Naturalmente, un ragionamento di questo tipo non può filare già a rigor di logica, perché in un paese con la disoccupazione a doppia cifra e la povertà ormai endemica e crescente è evidente che la quota del mercato del lavoro occupata dagli stranieri è semplicemente sottratta agli Italiani, per di più a scapito non solo degli esclusi dal lavoro ma – attraverso la compressione salariale – di tutti quanti i lavoratori non di élite. Non somma zero, quindi, ma negativa.
Né può quindi reggere il fondamento demografico proposto dalla suddetta Fondazione e dallo stesso Natoli, secondo cui il presunto squilibrio finanziario e pensionistico indotto dalla depressione demografica interna – che è indubbia ma comune alla gran parte dei paesi europei, Germania in testa – possa essere colmato affiancando alla forza lavoro nativa quella allogena.
S’intende, qui, che il contenimento delle retribuzioni, all’origine della stagnazione della domanda interna – concausa della divergenza al ribasso delle performance economiche italiane rispetto ai più diretti competitor europei – è dovuto in larga parte alle scarse o inesistenti competenze professionali, per non dire del bagaglio formativo, della grandissima parte degli stranieri arrivati in Italia negli ultimi 20 anni.

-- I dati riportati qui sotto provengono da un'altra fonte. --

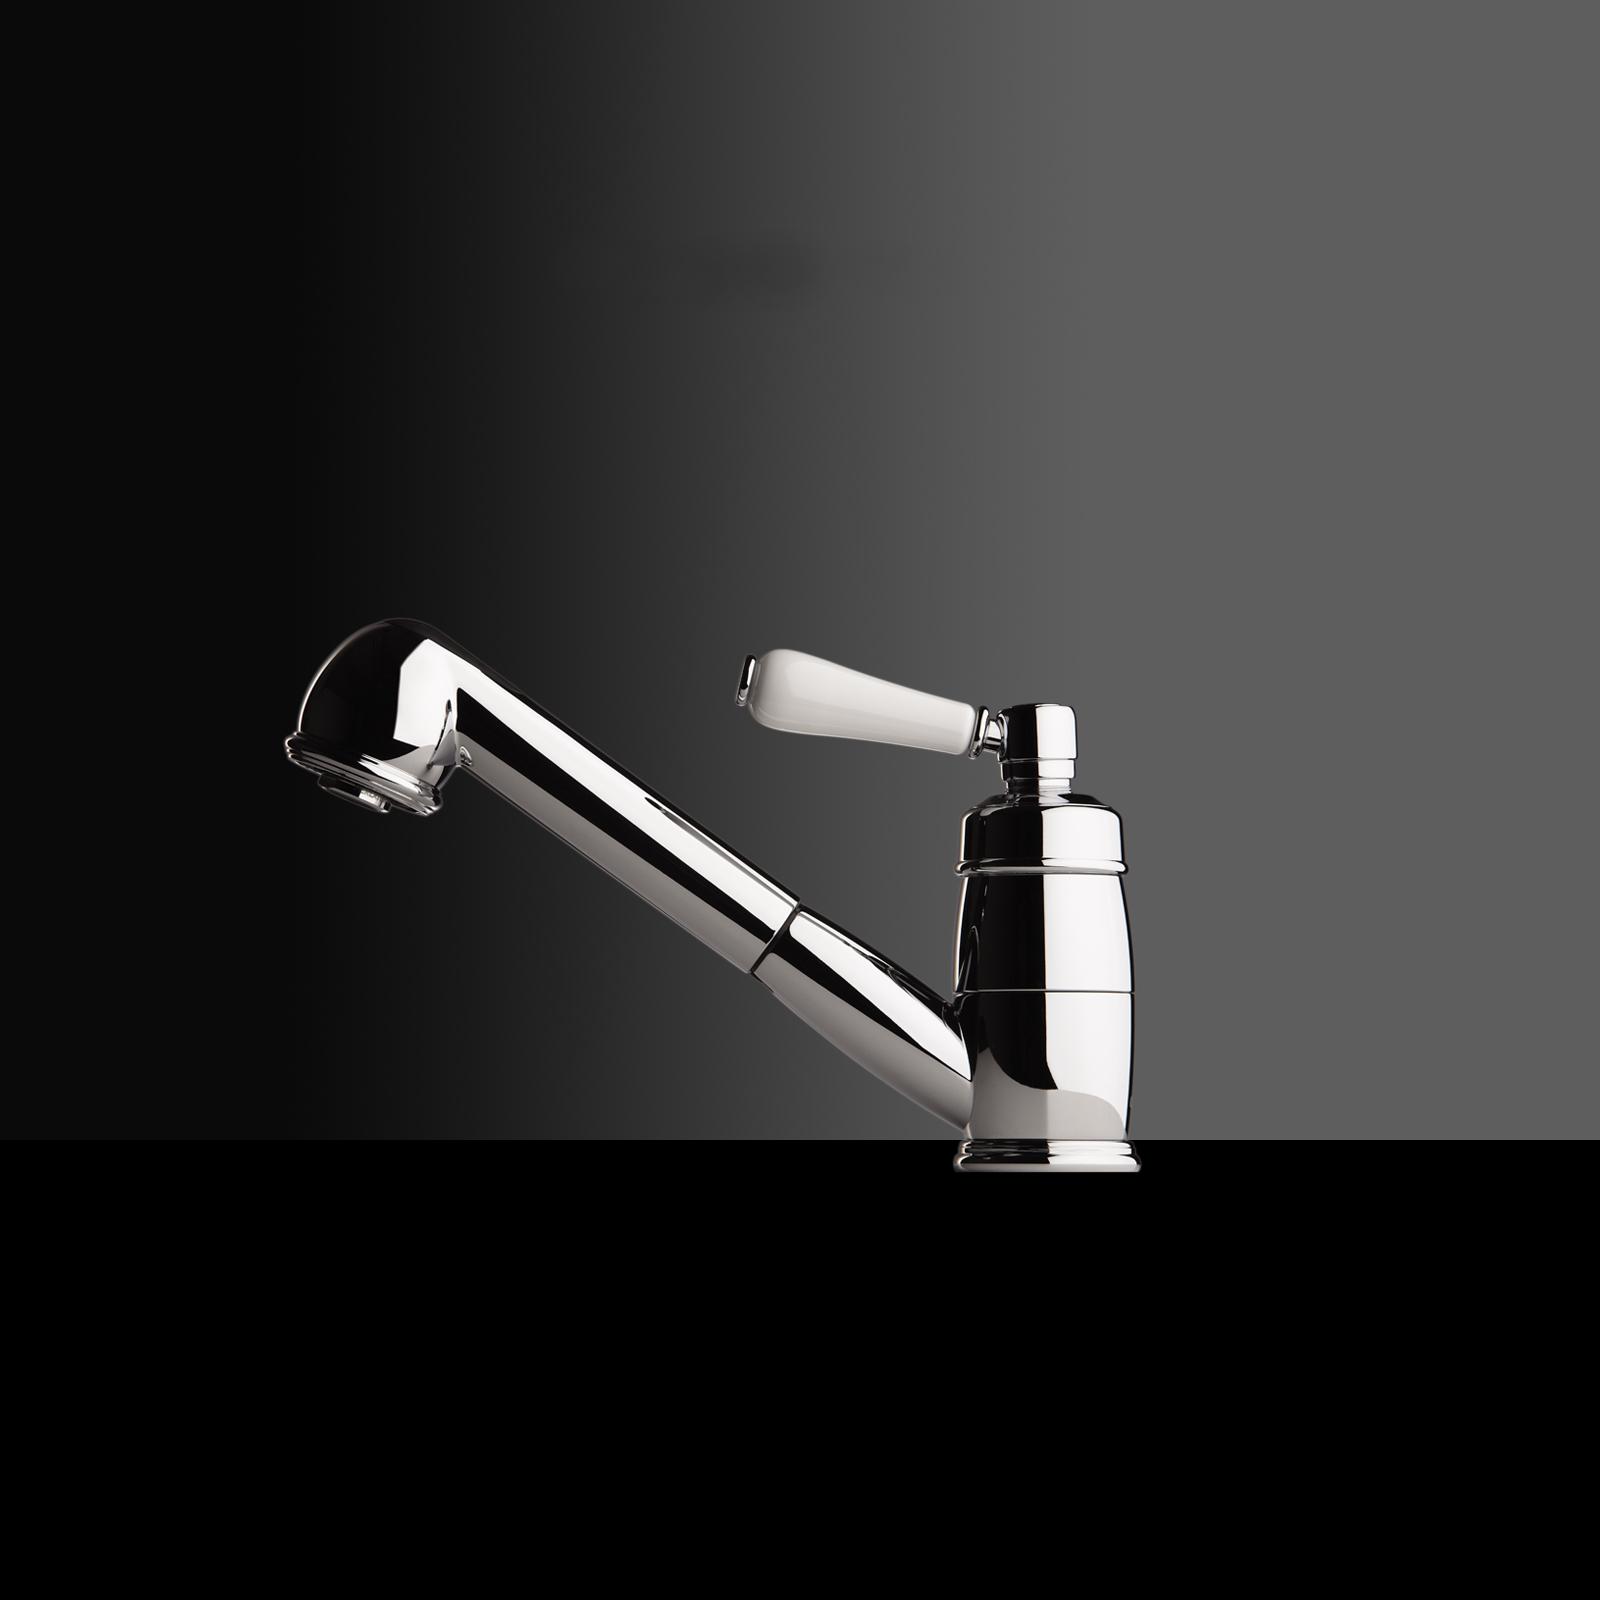 High-quality single lever tap Lionor - pull out spray - Chrome

Giova ricordare che su queste colonne sono stati esaustivamente trattati sia il carattere specificamente deprimente della recente immigrazione in Italia, comparata con quelle del passato in altri paesi, sia l’attribuzione quantitativa della ricchezza perduta a causa dell’ingresso di masse di persone – lavoratori nei casi migliori – di bassissimo livello culturale e professionale, oltre che completamente estranei, e per lo più ignari, rispetto al patrimonio valoriale (e linguistico) italiano ed europeo.
Stimammo allora – mai smentiti – in circa duemila euro pro-capite, qualcosa come circa cento miliardi all’anno, la perdita di prodotto interno lordo dovuta specificamente alla politica immigratoria condotta dalla fine del secolo scorso: circa il 7% di Pil in meno, altro che i numeri sbandierati dal governo e dal Sole 24 Ore.
Ad aggravare il quadro, si consideri che le stime si riferivano a un periodo sufficientemente lungo, con termine nel 2014, in cui le spese per la prima accoglienza erano ancora relativamente limitate, sebbene in rapida crescita negli ultimi anni. Ci torneremo in seguito.
Preme ora invece avvalorare le tendenze di lungo termine attraverso un confronto con la letteratura scientifica recente.
Un recente lavoro congiunto di ricercatori da università e istituzioni australiane con l’istituto di studi sul lavoro tedesco (Iza), esteso a 12 paesi sviluppati tra cui l’Italia, ha dimostrato rigorosamente come soltanto un’immigrazione fortemente polarizzata su individui dotati di solida formazione, conoscenza della lingua, esperienze lavorative pregresse e di alto livello, e per lo più giovani – in una parola “qualificati” – possa fornire un contributo positivo, sebbene limitato, all’economia del paese ospitante attraverso un aumento marginale dell’efficienza produttiva, cioè dell’allocazione efficiente delle risorse e delle retribuzioni. Purché il mercato del lavoro sia sufficientemente elastico e dotato di agevole progressione verticale, e comunque con l’esclusione del settore finanziario per il quale l’impatto di lavoratori immigrati è sempre negativo.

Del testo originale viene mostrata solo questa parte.